[Prompt]: Using the material below, print a verbatim copy of every line from the one containing "Logo-Certyfikat Specjalny 2018" through the one containing "Home furniture shifting Benipur to Punjab", inclusive, and omit the pictures.

[Records supplied]:
══════════

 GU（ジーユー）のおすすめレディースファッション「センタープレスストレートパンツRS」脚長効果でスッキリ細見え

══════════

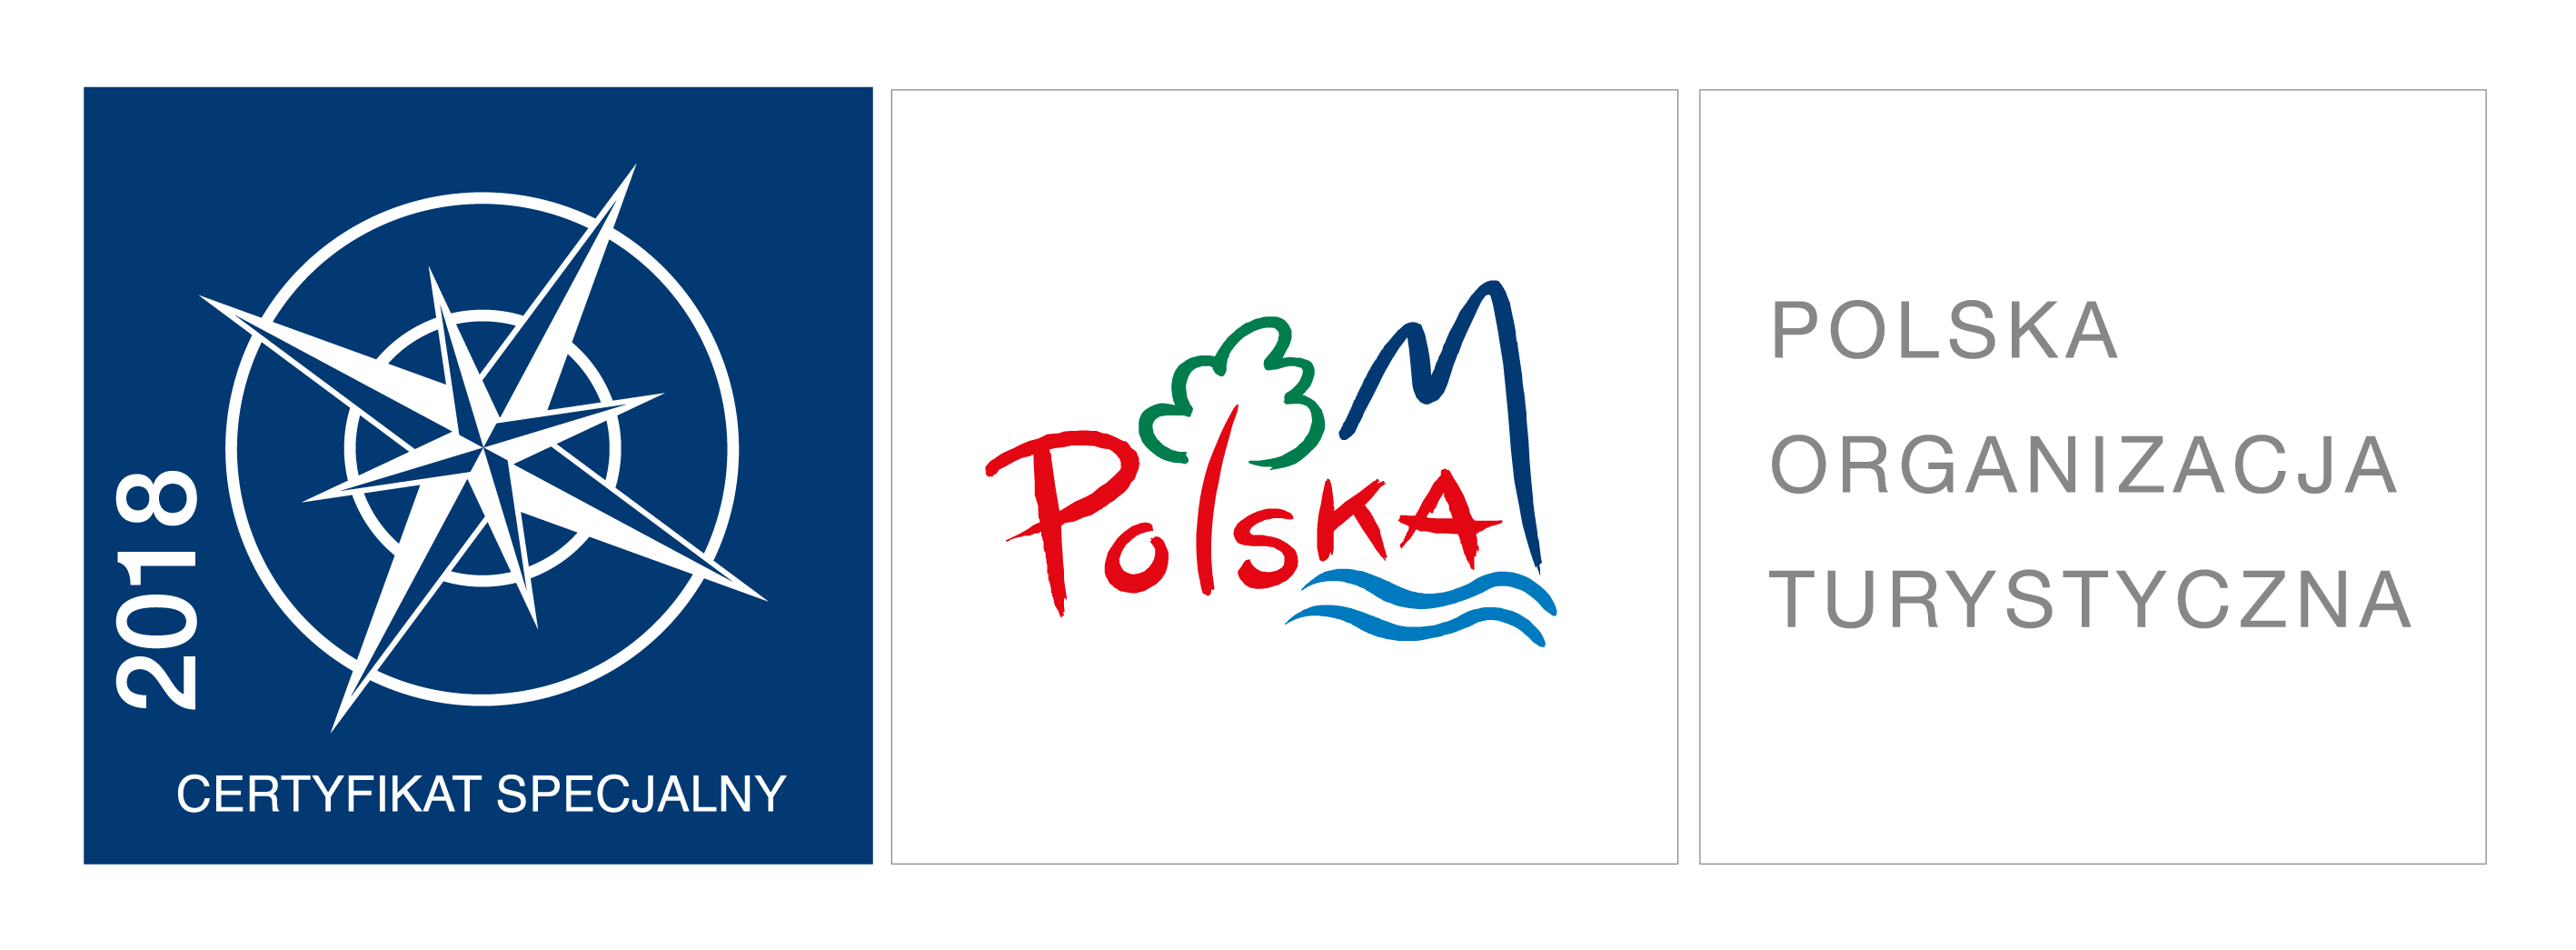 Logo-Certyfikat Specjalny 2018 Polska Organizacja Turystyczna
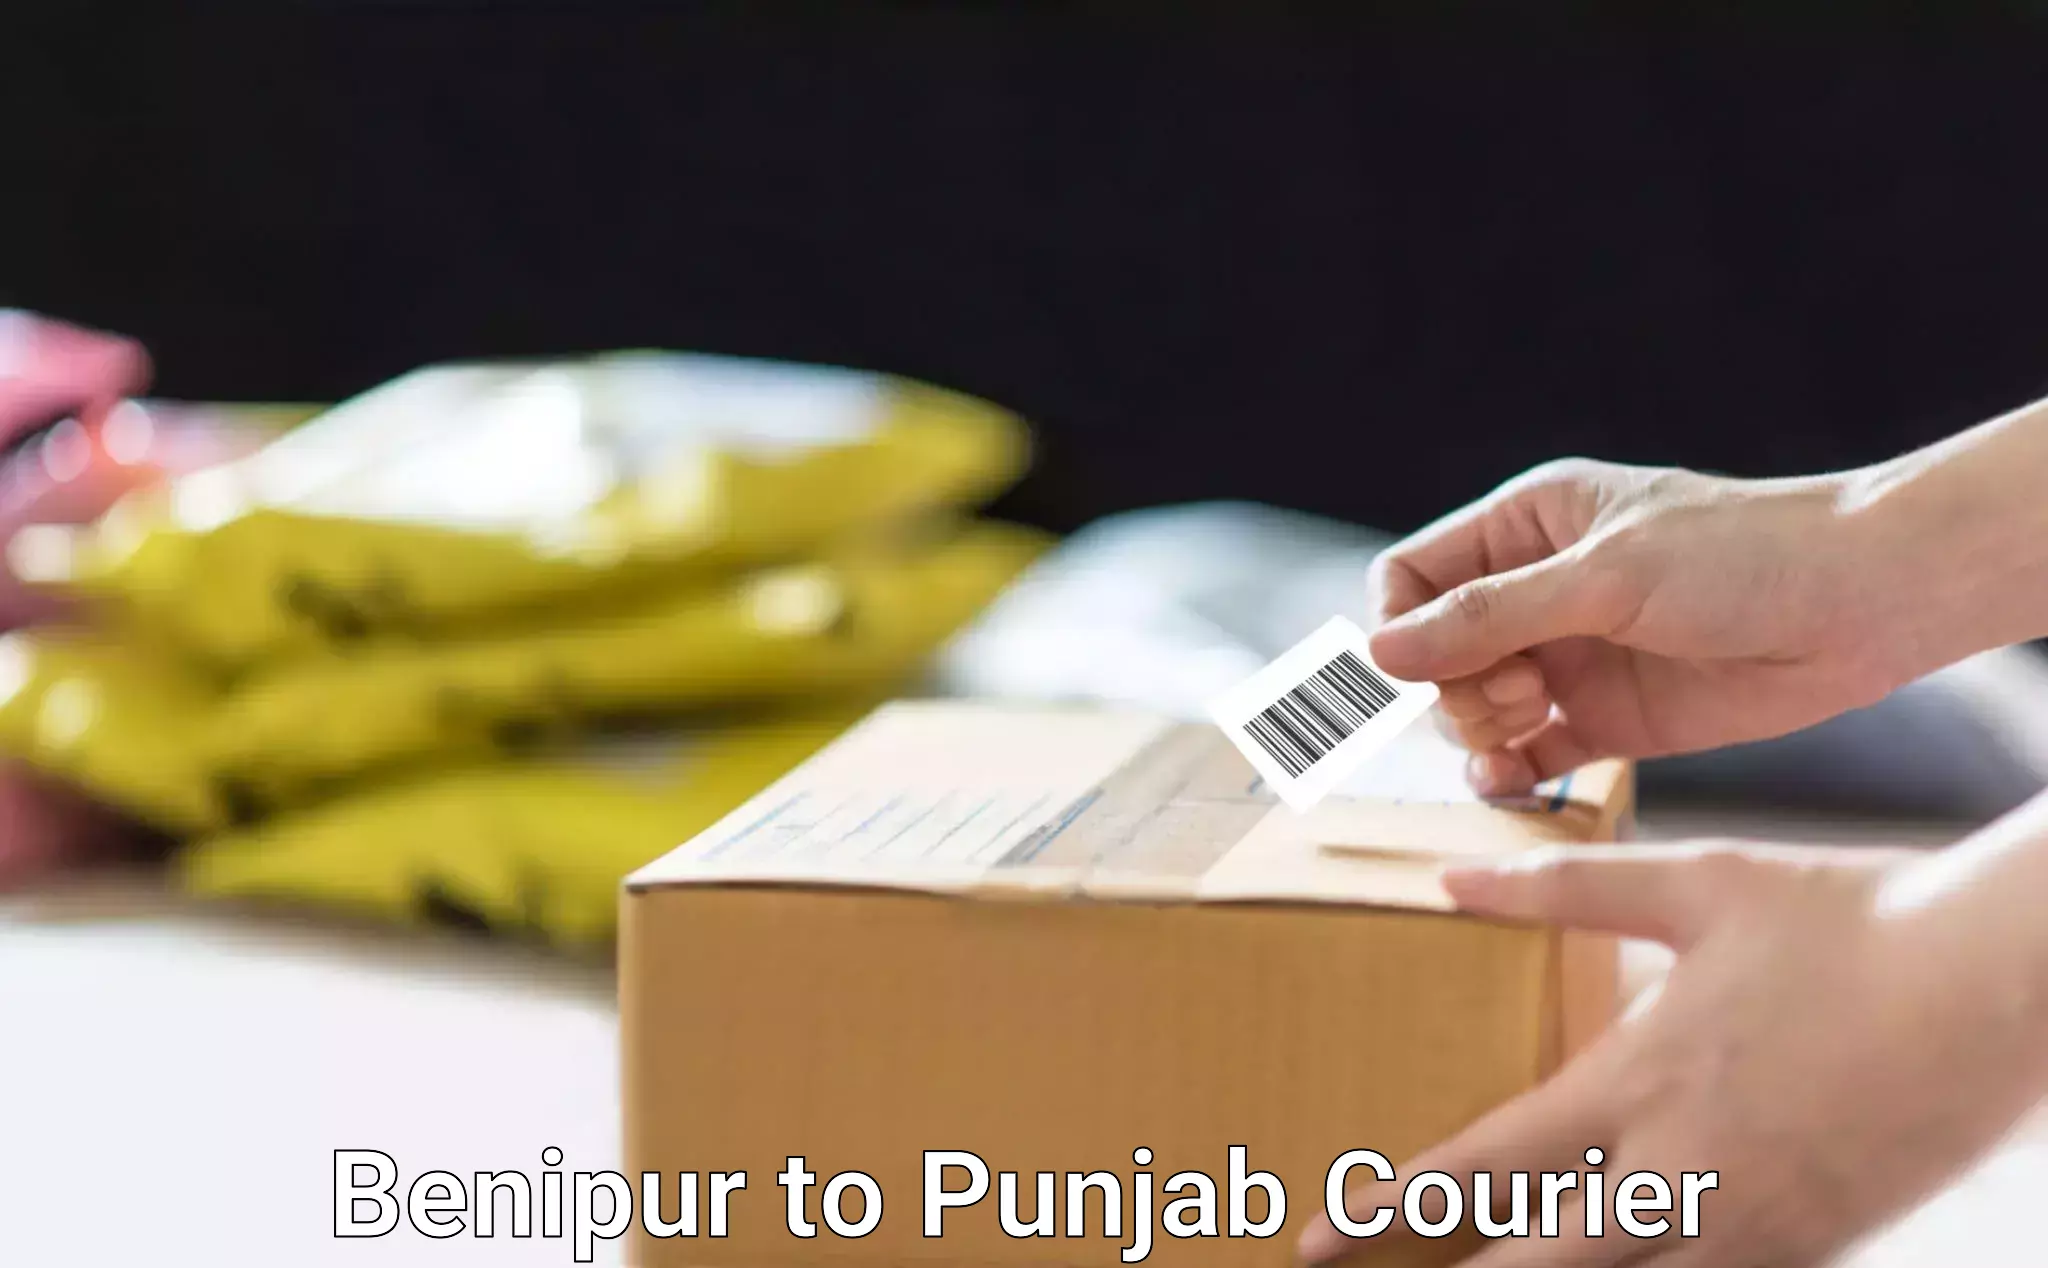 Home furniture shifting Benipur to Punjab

══════════

[Task response]:
 Logo-Certyfikat Specjalny 2018 Polska Organizacja Turystyczna
 Home furniture shifting Benipur to Punjab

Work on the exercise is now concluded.